Que peut-on dire d'un film comme Vol au-dessus d'un nid de coucou si ce n'est qu'il peut, à certains moments, être drôle, sensible et émouvant? Ce qui est sûr c'est que je l'ai déjà regardé plusieurs fois et que je suis toujours autant captivé par son histoire, mais aussi par le jeu des acteurs, tous excellents. Il fut notamment récompensé par cinq oscars dont celui pour le meilleur film de l'année.

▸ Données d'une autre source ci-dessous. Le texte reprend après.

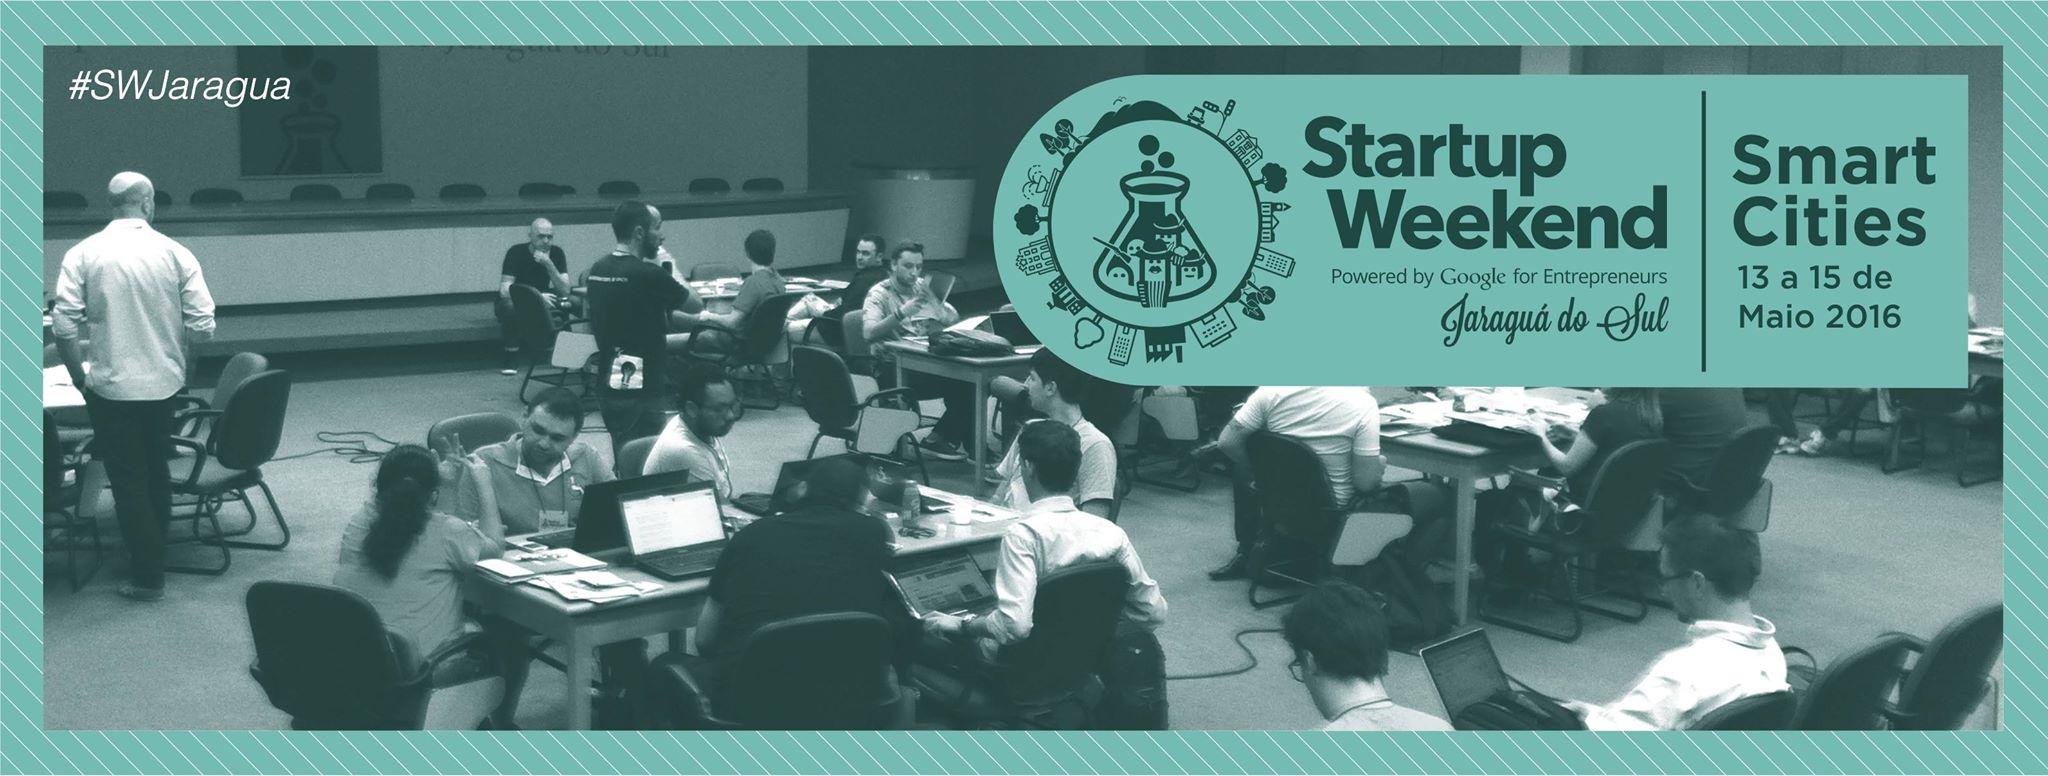 VIA Faz PIT STOP Para Startup Weekend Brasileiro Sobre Smart Cities

Il s'agit d'un film américain de Milos Forman qui parut en salle en 1975. C'est une adaptation du roman éponyme de Ken Kesey (édité en 1962), un roman qui avait déjà fait l'objet d'une adaptation au théâtre à Broadway en 1963. Outre cinq récompenses aux Oscar, il décroche également six Golden Globes. Le film réunit à l'affiche Jack Nicholson, Louise Fletcher,William Redfield, Brad Dourif, Danny De Vito et aussi Will Sampson dont l'imposante silhouette ornée de mystère m'avait déjà touché dans Orca de Michael Anderson. La musique est signée Jack Nitzsche, plutôt discrète tout au long du film, elle prend toute son ampleur lors de la scène finale, quand le "Chef" amérindien (Sampson) exécute le plan de McMurphy (Nicholson) après l'avoir étouffé avec un oreiller.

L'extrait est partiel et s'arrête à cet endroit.